说起家人,真难想象父亲知道她的处境后会发怎样的脾气。从小到大,父母都把她当做易碎的娃娃那样小心看待,从来没有让她受过委屈,对惹她难过的人,父亲和灵会在她不知情的情况下给那人一个深刻的教训。这样的行为实在是慈父多败儿,所以现在的她才会这么狼狈,想回家还必须使上柔嗲的招数。
那个迪亚戈,果然是个玫瑰痴,这家的庭院的花几乎都是玫瑰,屋子中,餐桌上的摆设无处不是玫瑰的踪影。连这玫瑰澡都不是说假的。
净掬起一捧,吸一口,玫瑰的清香沁人心脾,让人全身都感到舒适轻松。难怪迪亚戈一家喜这一套。她松开手,水珠散落在胸前。深呼吸一口后,净把自己整个人都没入水中,直到憋不住,才坐起身。
刚把脸上的水抹去,净便愕然发现房中多了个人,那一身的黑色在暗淡的灯光中显得突兀而带了恐怖的感觉。
净扯过浴巾,堆在胸前,惶然盯着黑影,不知是否该大声求救。眼前的人正是给她的背部留下伤疤的少年。只是,他的神情不是冷漠,不是淡然,也没有任何的思绪。漂亮的面孔仿佛只是一个机器制成品,木衲无神。净的心中涌起了恐惧,这个人,外貌和之前的一样,可是,那双眼睛却是空洞且毫无感情的,连杀意都不显露一丝一缕。他缓缓走过来,手中握着有一把亮堂堂的钢刀。
“迪亚戈——”净终于跳了起来,想逃,然而他正是从门口方向过来的。她只好逃向相反的方向,边呼喊着迪亚戈的名字。

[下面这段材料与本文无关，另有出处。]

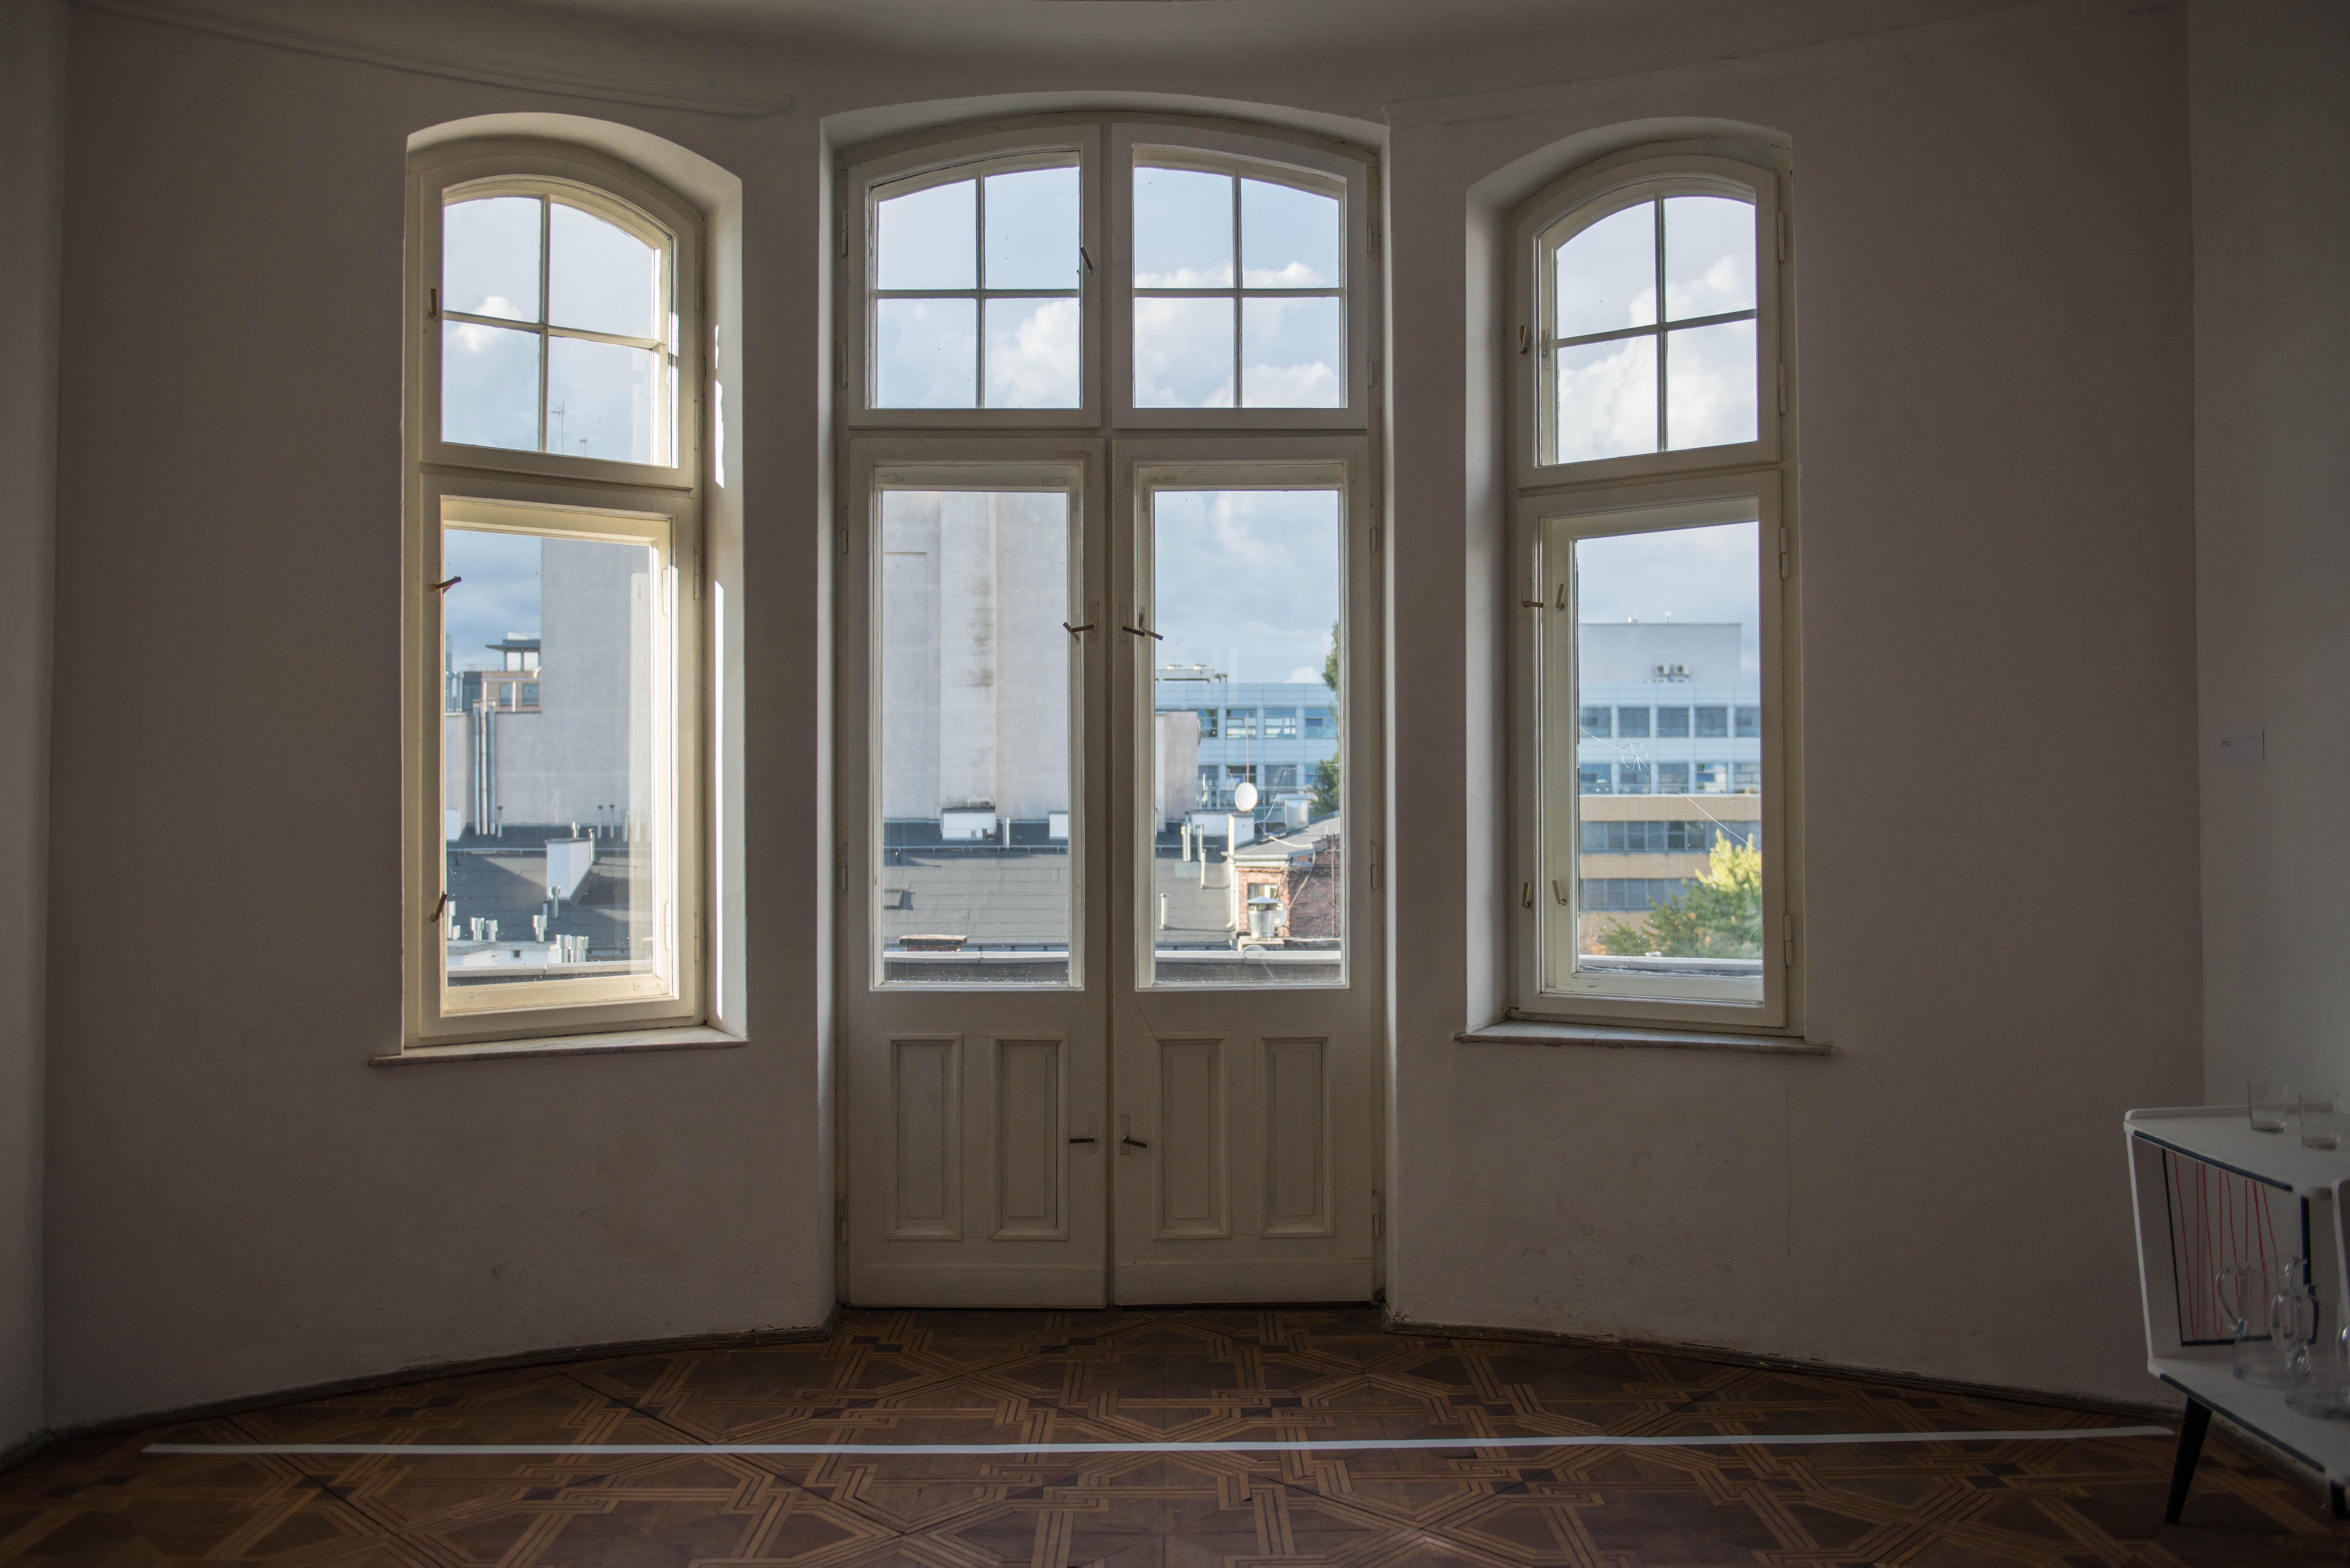 Chien-Ying Wu, Windows

他则一步步接近,扬起了手上的刀。净边丢着手所能及的物品,却阻不住他的前进。
“为什么要杀我,我什么都不知道,什么都不清楚。”净冲着他喊。
门外,传来迪亚戈的声音。然而,门似乎被反锁住,外面的人正在撞着门。
已经退到露台边缘的净无处可逃,闭上眼睛。
“噌——”
伴着掉落的火花,长长的兵刃撞击声破空响起,尖锐刺耳。小火花弹到了净赤裸的肩膀上,惊得她猛地睁开双眼。更加另人诧异的场面发生了。在她的面前,欲杀她的少年变成了两个。同样黑衣,同样面无表情,相互瞪视着对方。唯一可辨认出不同的,是手上的兵器。先前出现在房中的那个做着砍杀的姿势。而他的对手,半跪在露台的护拦上,手中紧握着一对三叉戟,卡住前者雪亮的刀。
手握三叉戟的少年扫了净一眼,仿佛在确定她没有受伤。然后,相像的两人飞跃而起,在半空中对打起来。黑色的身影在雪亮的兵器闪光中交错位置,打得难分难解。最后,似乎后来的黑衣少年占了上风,在加上先来的那人似乎并不打算与他纠缠到底,因此,不到几分钟,握刀的那个飞身离去,消失在黑夜中。
净一直都只缩在露台角落,以湿答答的浴巾遮住身体。
少年收好兵器,转身看她,并不开口说话。
“你又要杀我么?”净低低问。
少年的严重闪过复杂的神色,沉默半晌才摇了摇头。听到门外的撞击声,少年皱眉,走到净的跟前,蹲下,与净平视。
“为什么杀我?”净谨慎道,“为什么救我?”
少年垂下眼睑,片刻,他从口袋中拎出白金哨子,递到净的面前。
净犹豫了一会儿,终于接过。
“净,怎么样了,你等等,就好了。”
迪亚戈的声音,似乎非常的着急。
“你不杀我了么?以后都不杀?”净再次确定他的意图。见他摇头之后,她站了起来,恳求道:“既然这样,我,你能不能把我带走。我不想留在这儿。我想回家。”
少年听着门外的声音,又回头对上净娇弱无依的神态,手握了又放开,,然后将净打横抱起,跳上露台的围栏,在月光下一跃而去。
第九章 为你命名——焰
得到一个原本要杀你的人的帮助,这是在是一件匪夷所思的事情。不过,从来相信直觉的净一点都不在意这个,反正,她的人已经平安地回到美国,而且顺利注册入了大学。
尽管母亲腾斐一直强调并不是每一人像她一样有非常突出的舞蹈天份,她还是很早就放弃了往这一方向发展的想法,而进入哥伦比亚大学念她感兴趣的细胞学是她一直以来的梦想,而她也做到了,要知道进入这所大学可要费不少的工夫。
由于迪亚戈的纠缠,让她迟了好些天才能到学校报到。课程几乎都已经安排好。她所要做的,就是到不同的课室听讲,但首先最重要的,就是结识任教的教授。此刻,她的任务就是赶去上理论基础课程。
进入大课室,净惊讶地发现,整个阶梯式的教室里挤满了人。很明显,这个课程的主讲教授非常受欢迎。而且留神看看的话,女生占了大部分。净找了个座位,远远地打量了讲台边正讲解得眉飞色舞的教授一眼。这一看,让她的心咯噔地跳了一下。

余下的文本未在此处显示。